▶ **Data extract**
──────
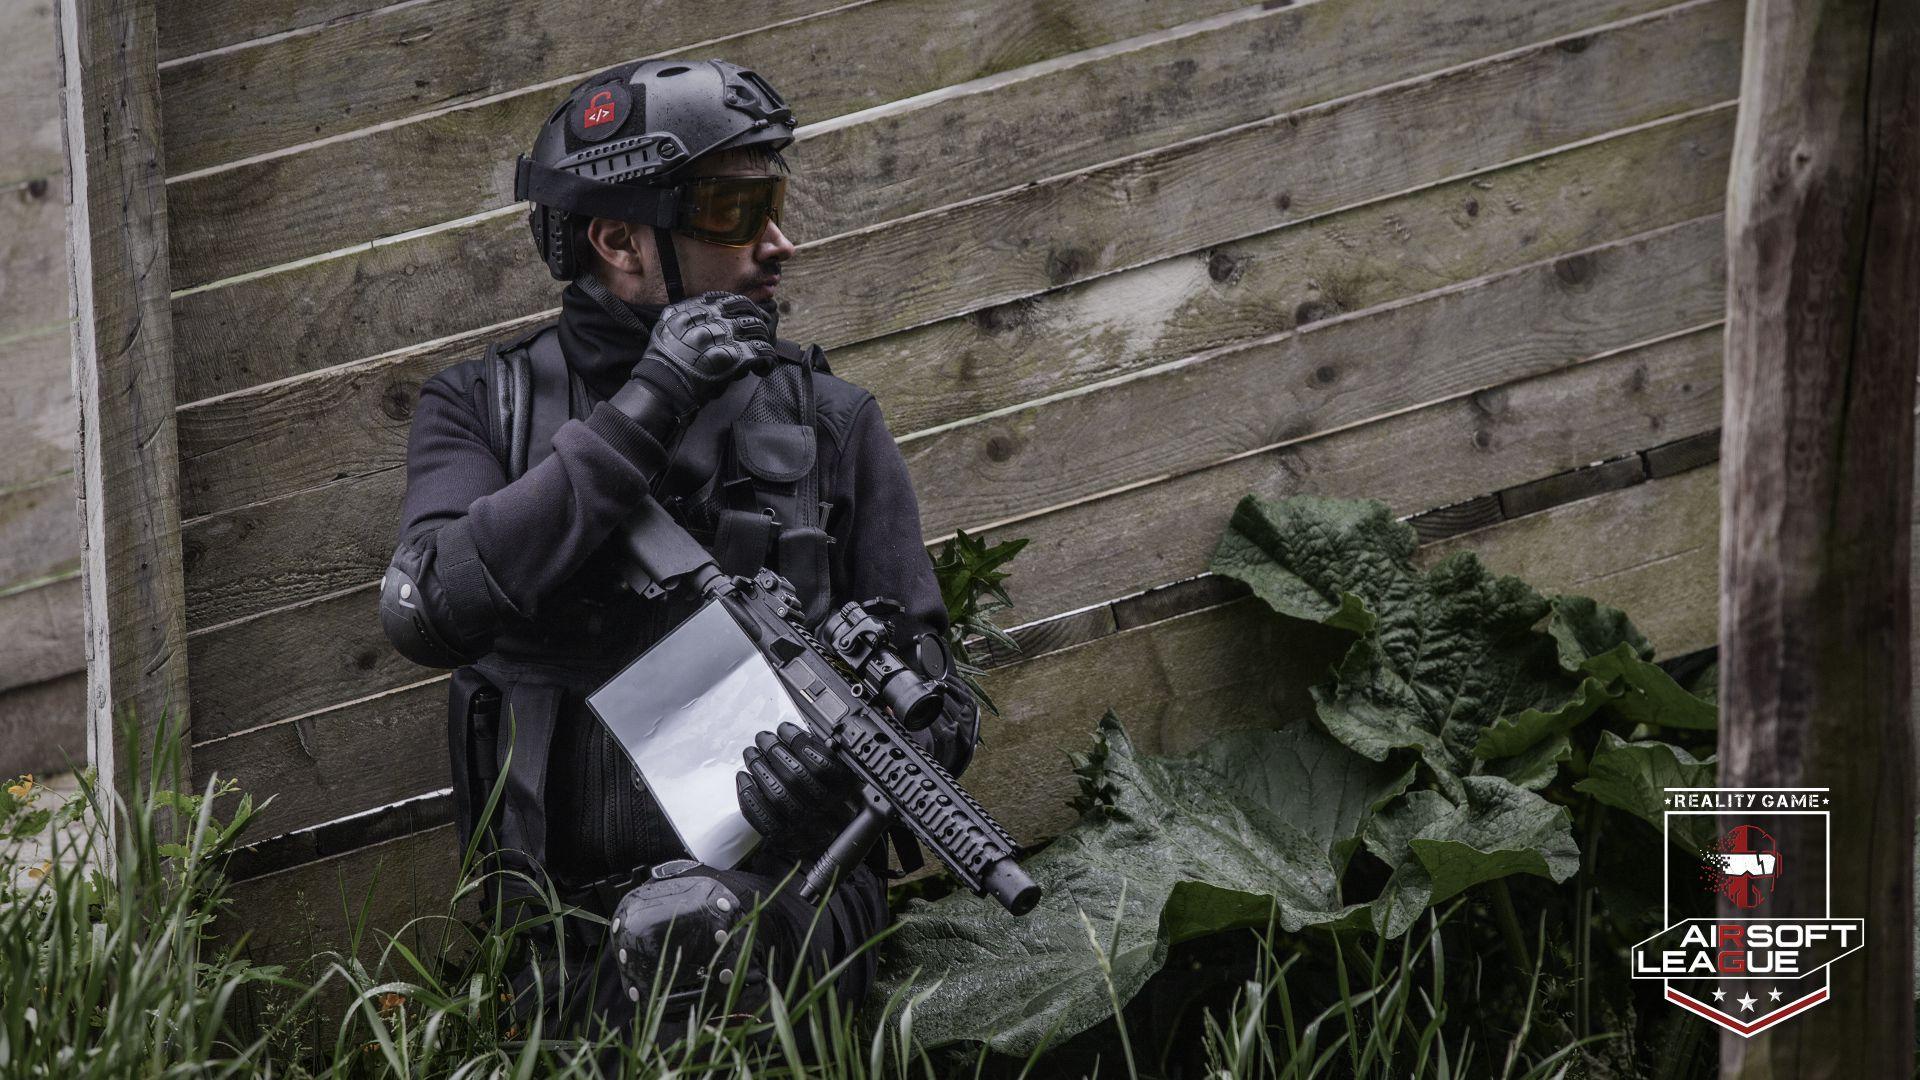 Soldat M - Police militaire
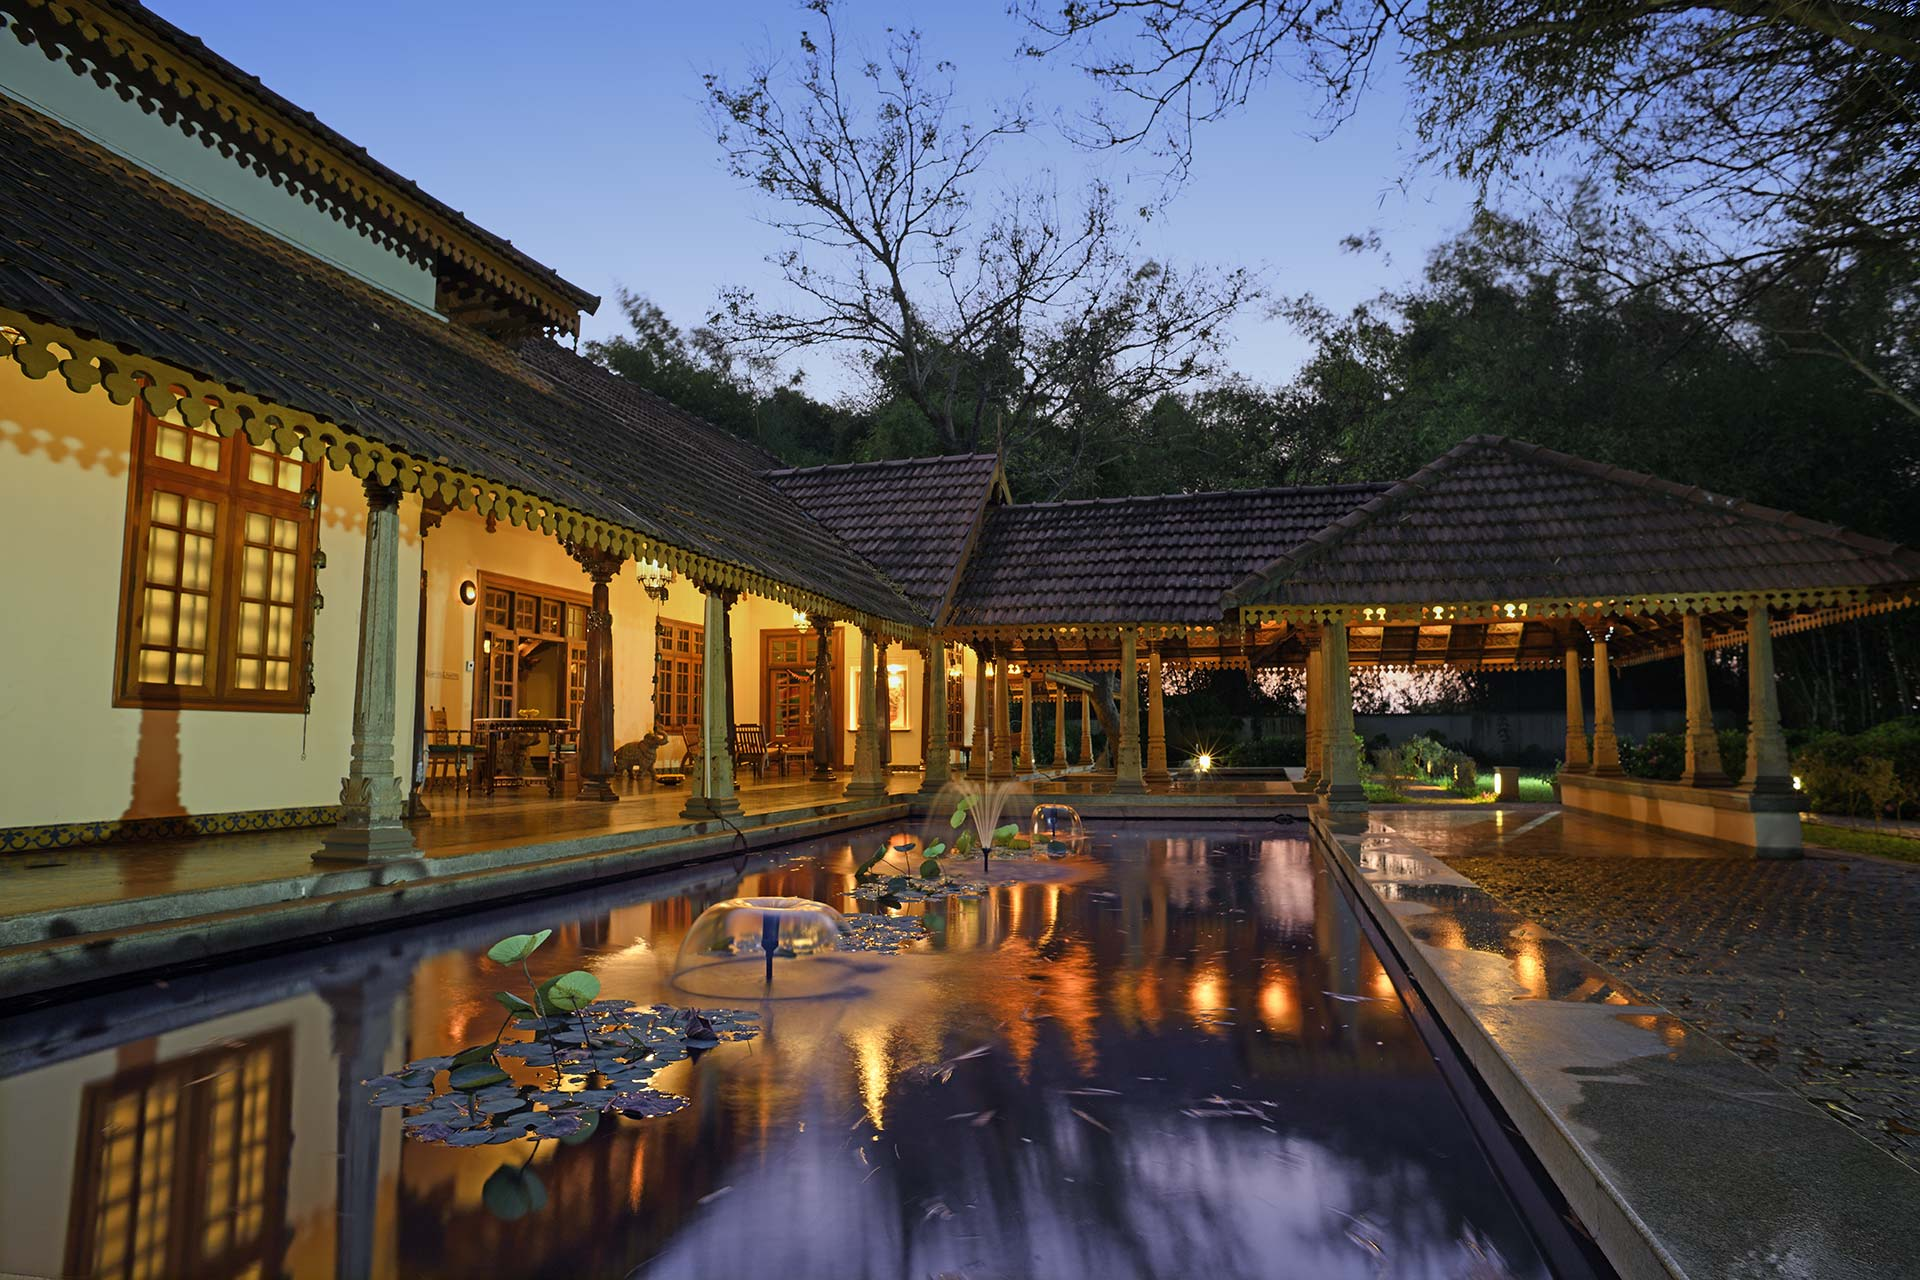 Svatma - Luxury Resorts Hotels in Tanjavur, Tamil Nadu (India)
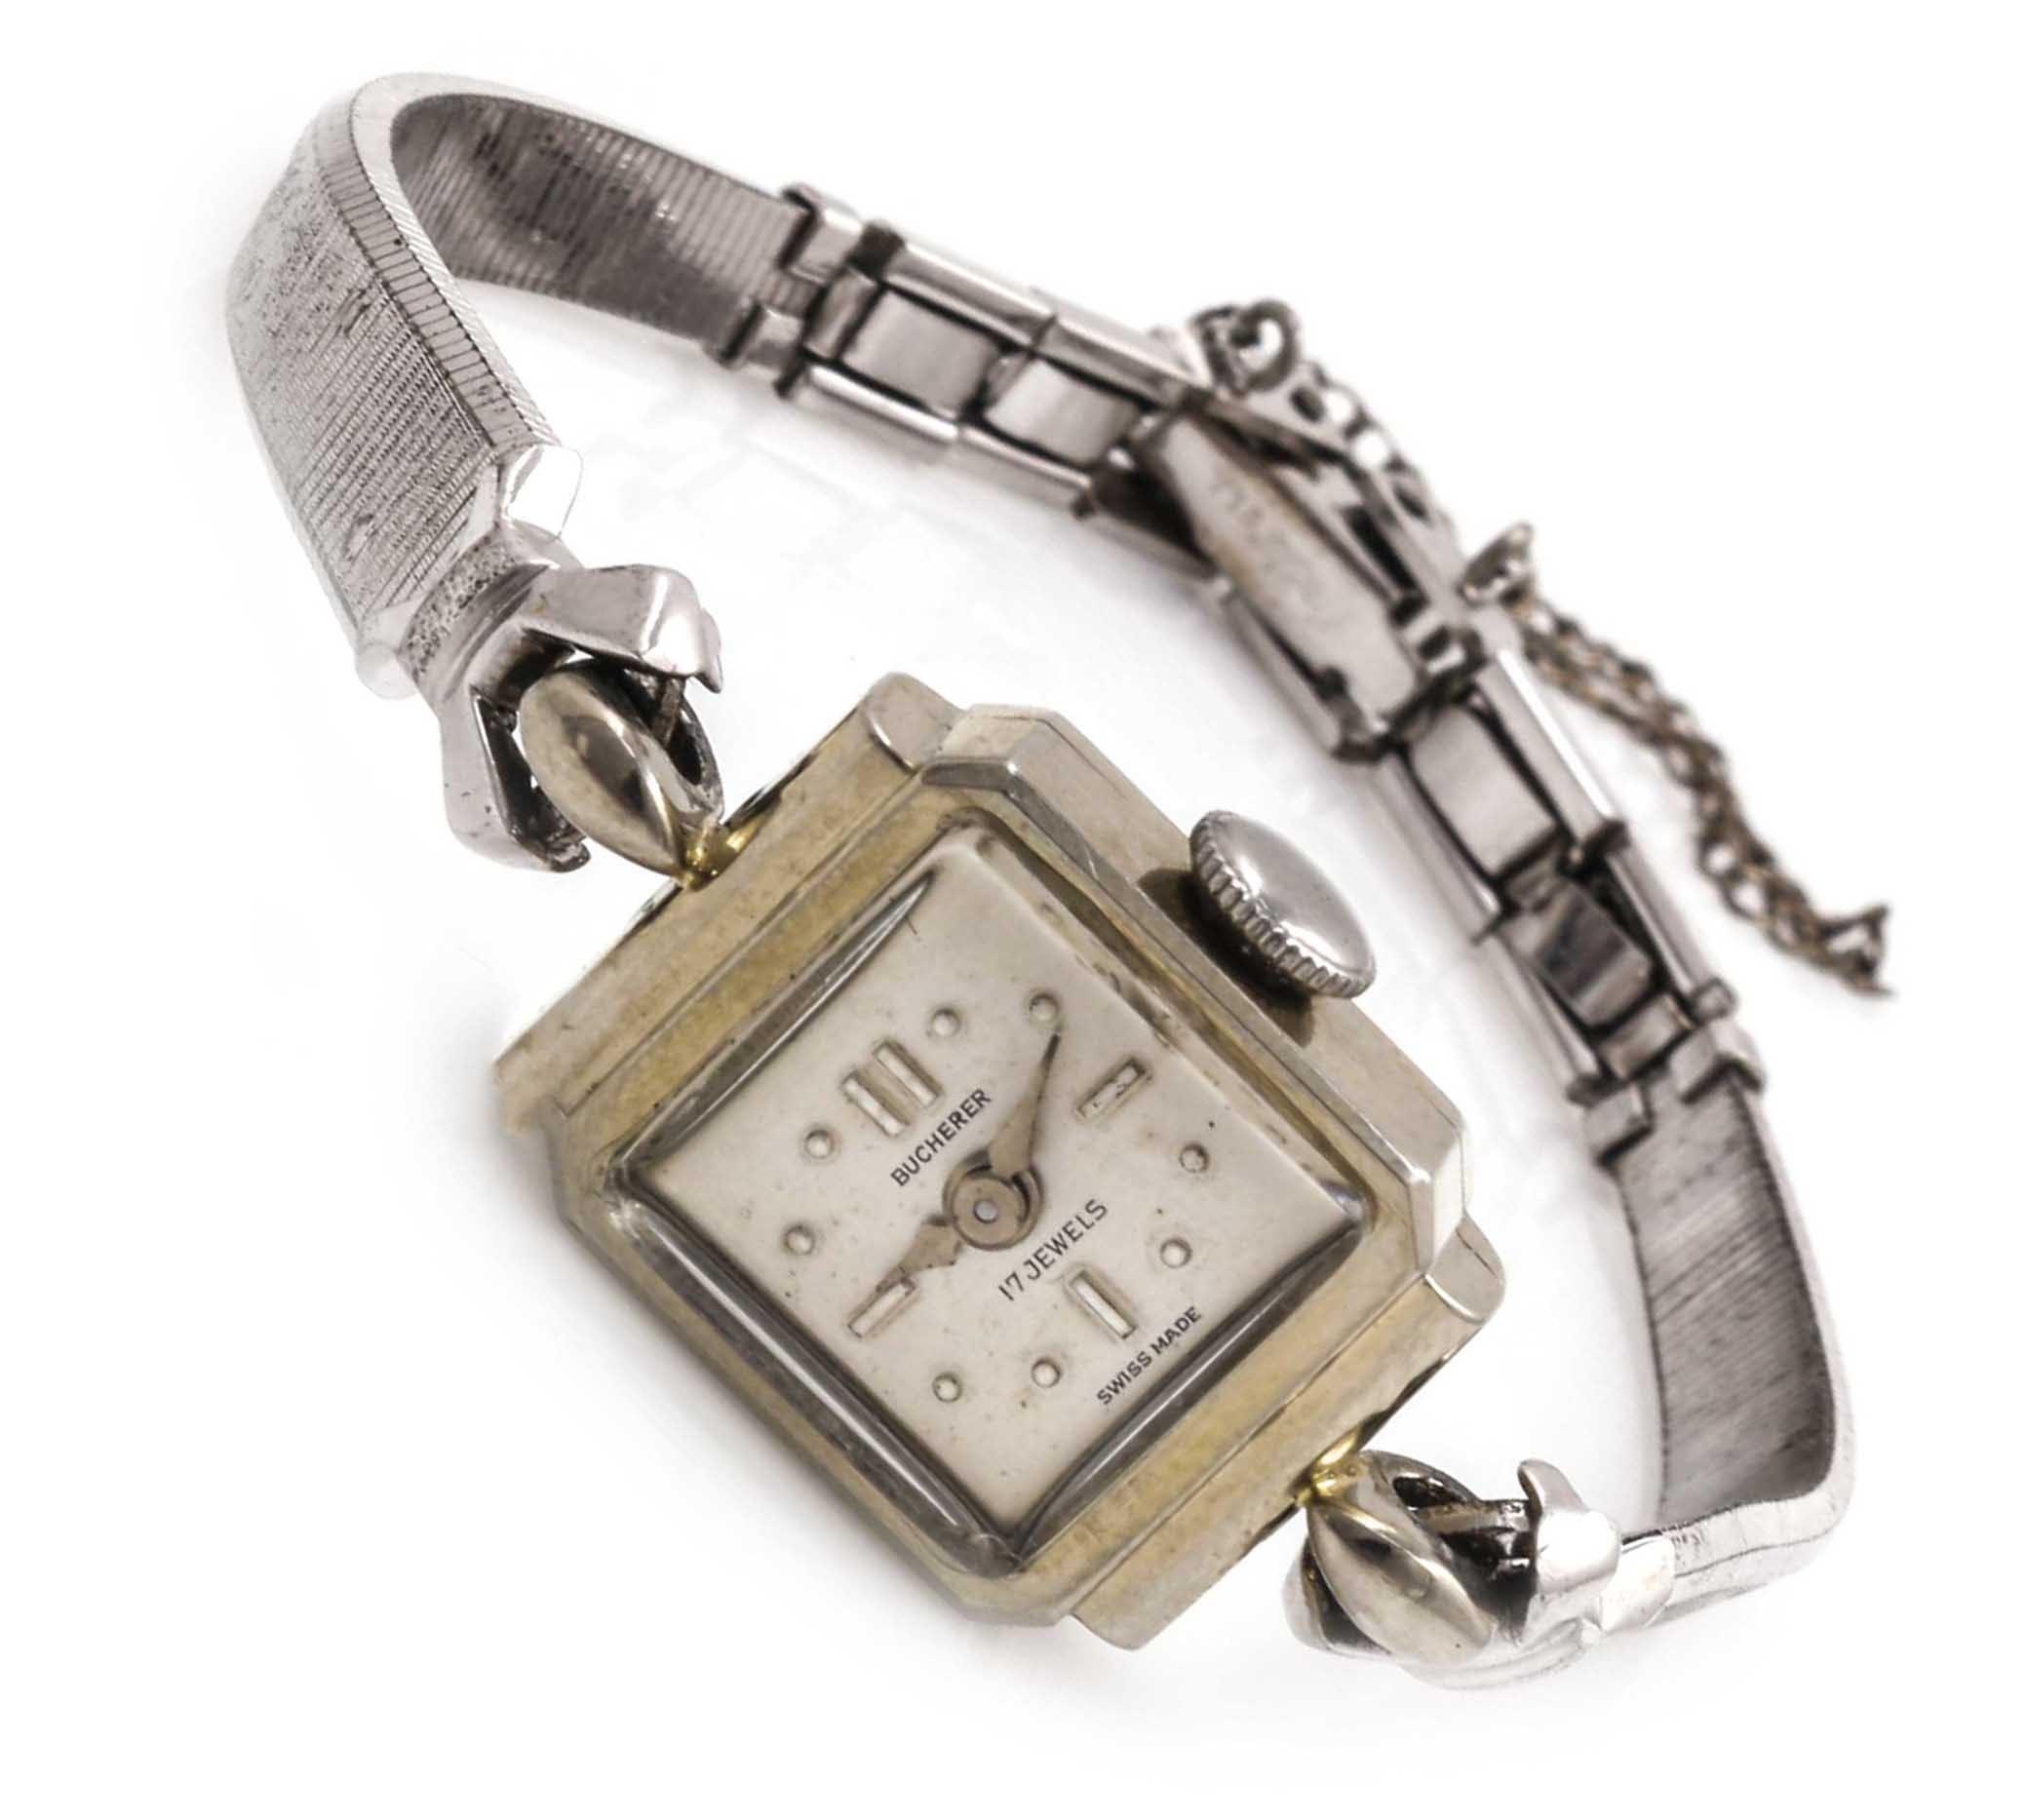 18K White Gold Bucherer Wristwatch
──────
▶ **Work to complete**
The material should be duplicated word for word, with no images included.

▶ **Answer to this task**
 Soldat M - Police militaire
 Svatma - Luxury Resorts Hotels in Tanjavur, Tamil Nadu (India)
 18K White Gold Bucherer Wristwatch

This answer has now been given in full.